DATA FOR ANALYSIS:
========

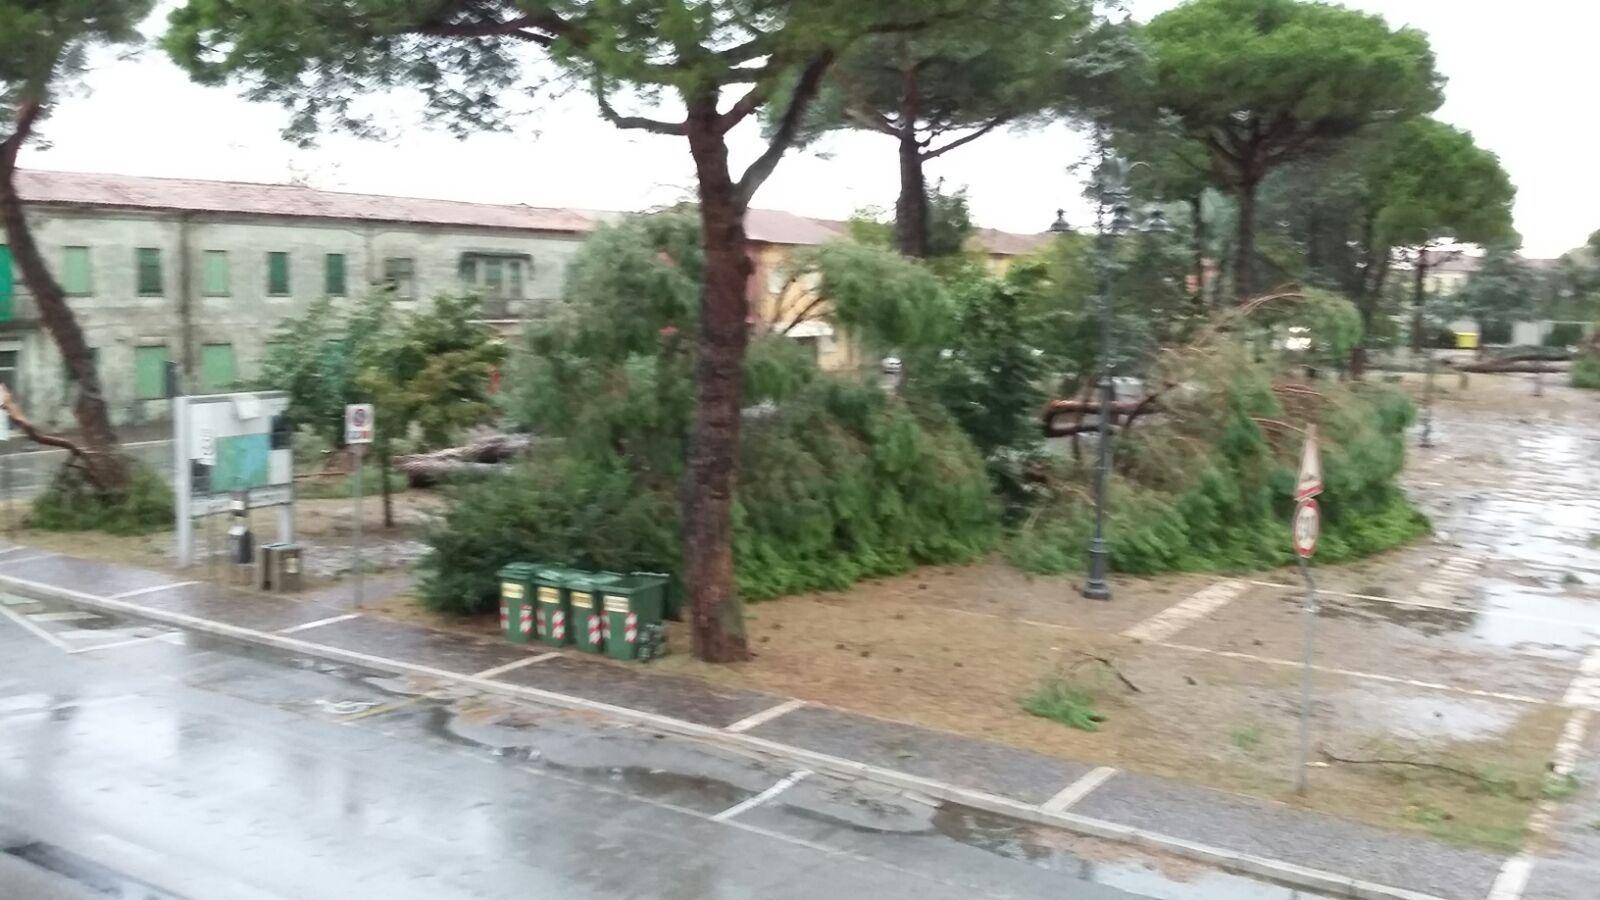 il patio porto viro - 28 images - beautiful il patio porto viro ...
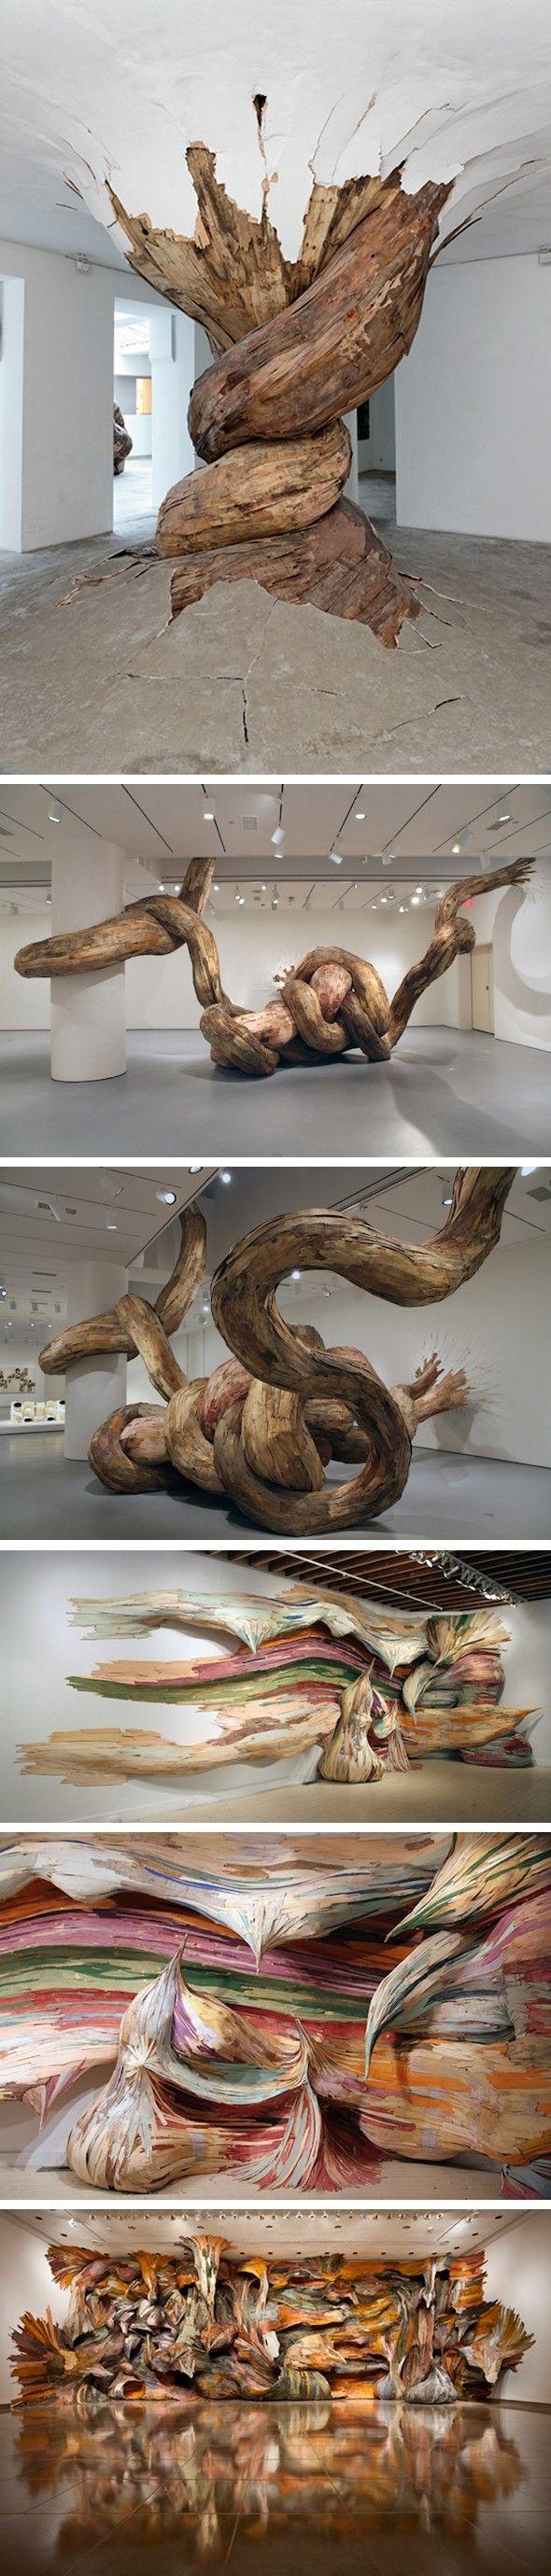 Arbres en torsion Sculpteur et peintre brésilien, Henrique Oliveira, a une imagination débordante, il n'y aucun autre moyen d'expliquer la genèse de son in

========

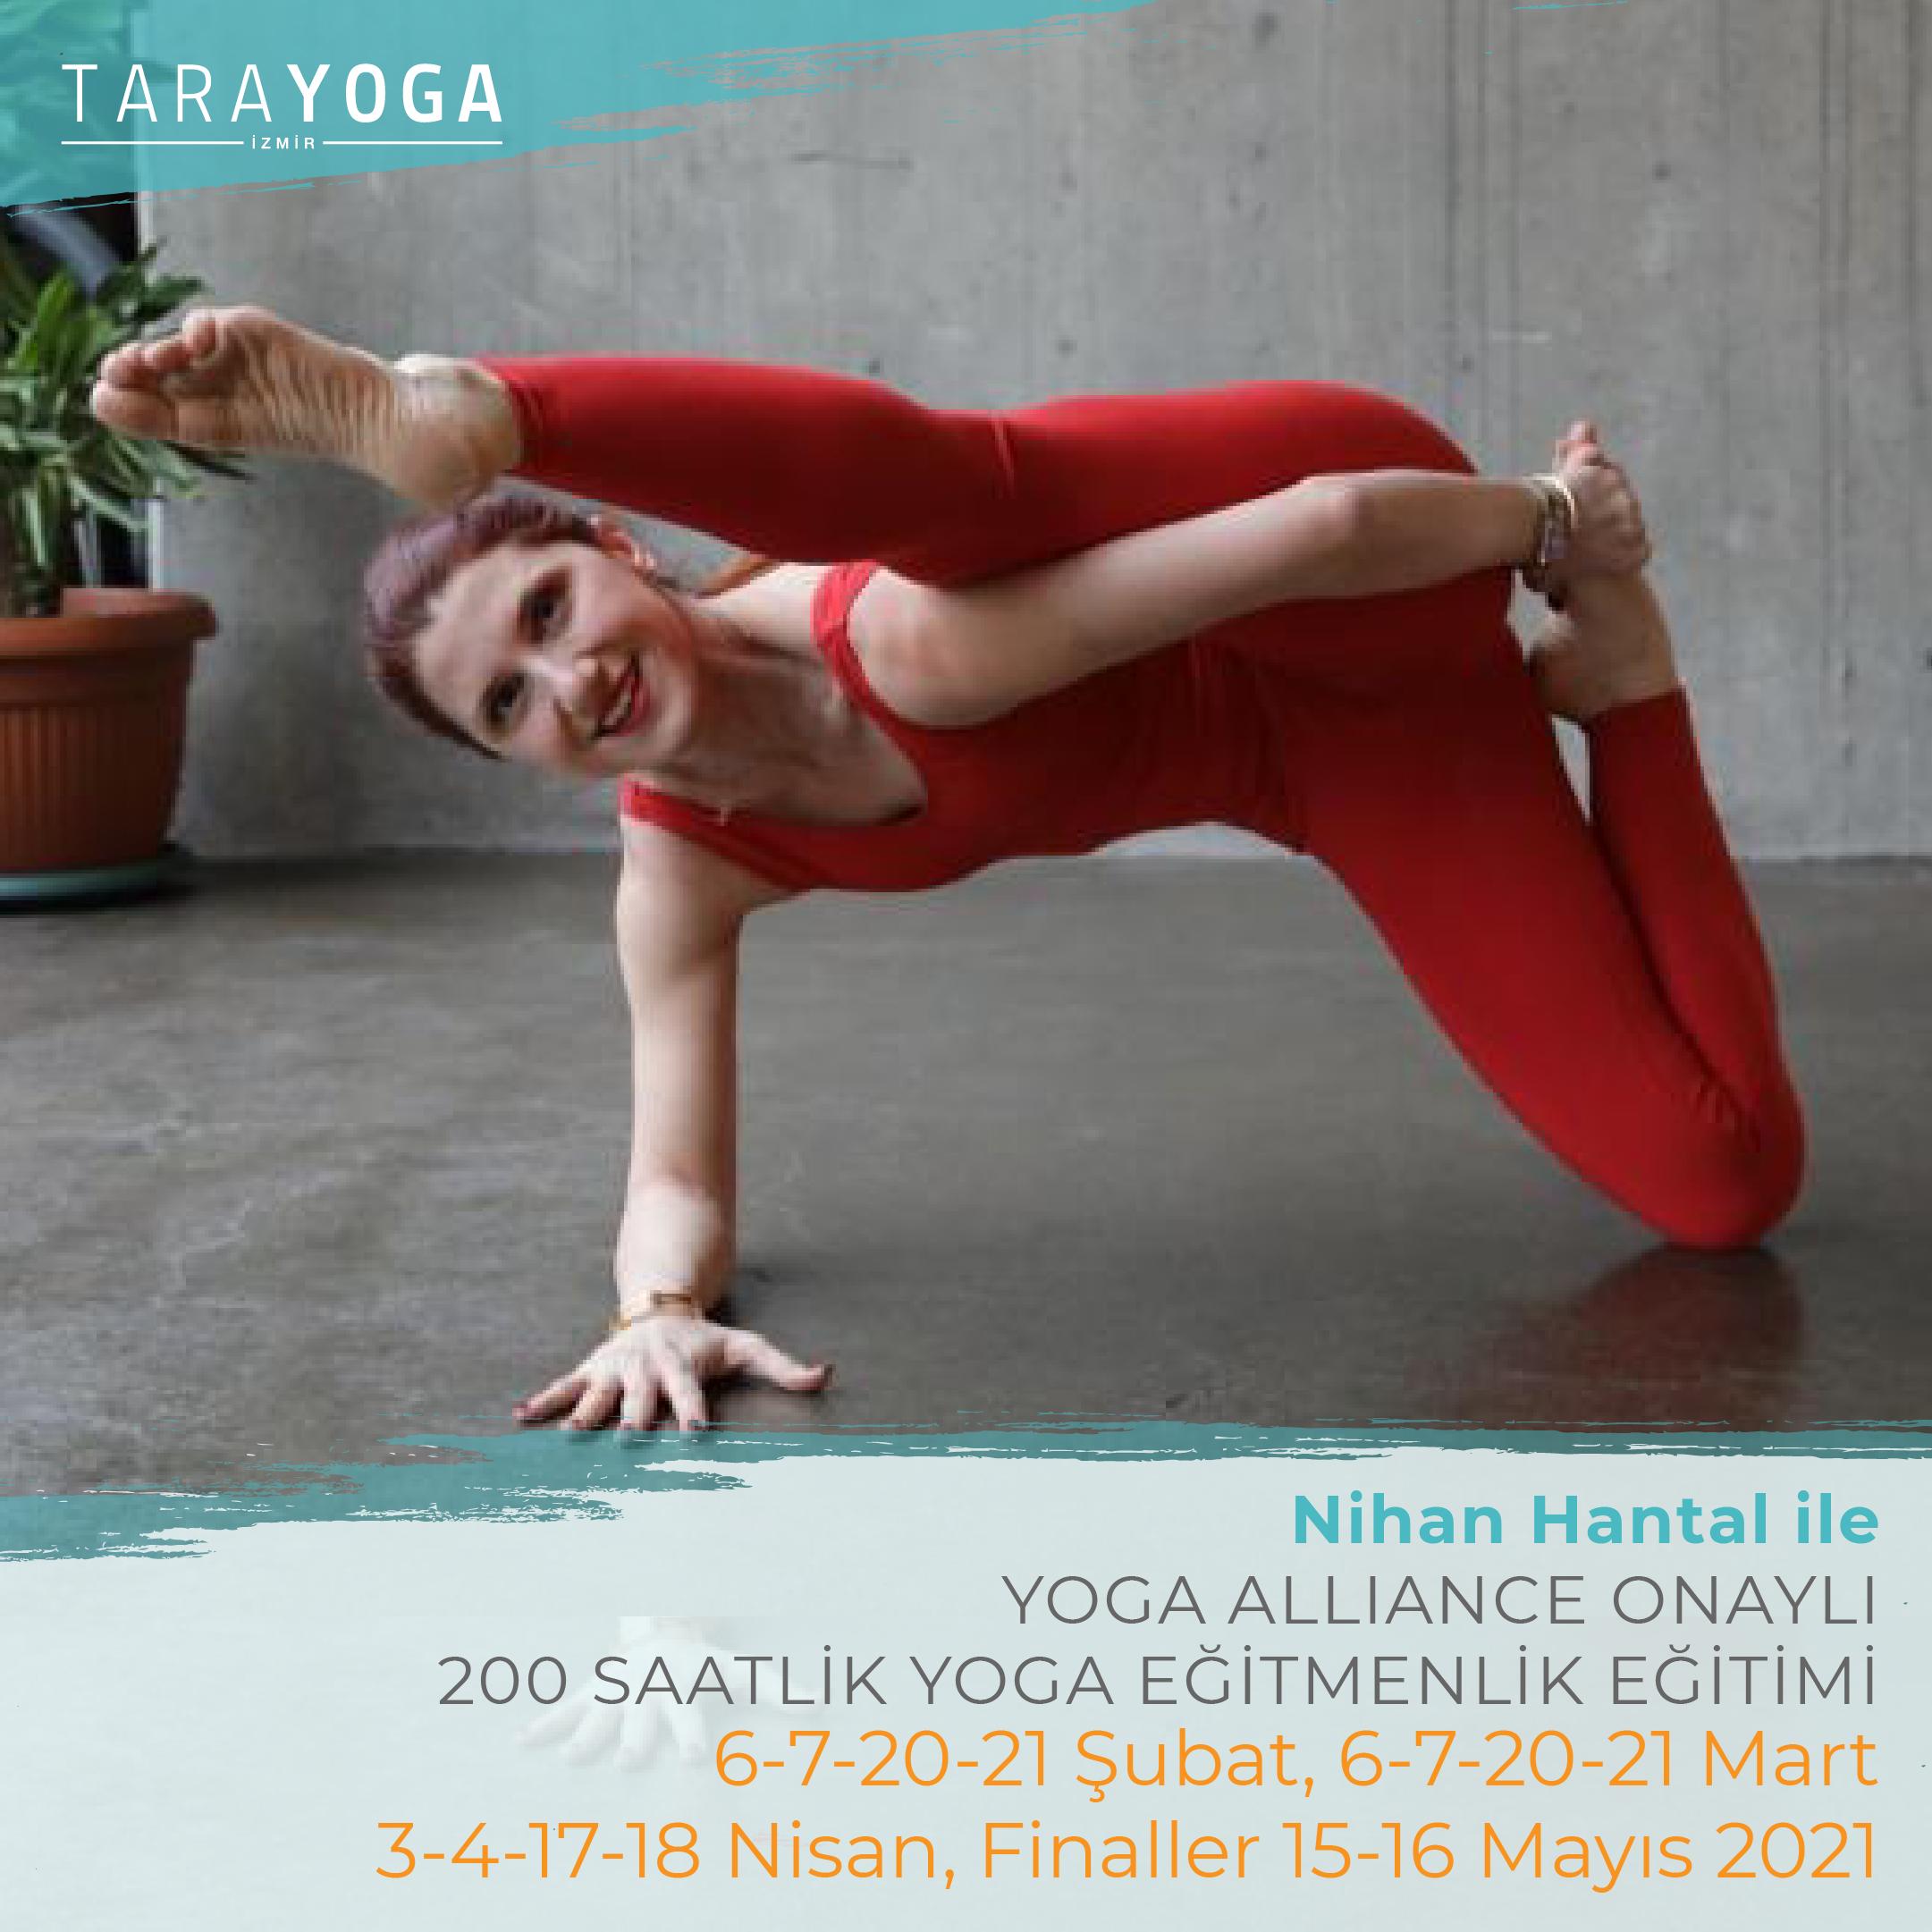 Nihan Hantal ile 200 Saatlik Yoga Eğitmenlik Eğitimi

========

TASK TO COMPLETE: From the line holding "il patio porto viro - 28" to the line holding "Arbres en torsion", both included, retype the entries above exactly and drop the pictures.

SOLUTION TO THIS EXERCISE:
 il patio porto viro - 28 images - beautiful il patio porto viro ...
 Arbres en torsion Sculpteur et peintre brésilien, Henrique Oliveira, a une imagination débordante, il n'y aucun autre moyen d'expliquer la genèse de son in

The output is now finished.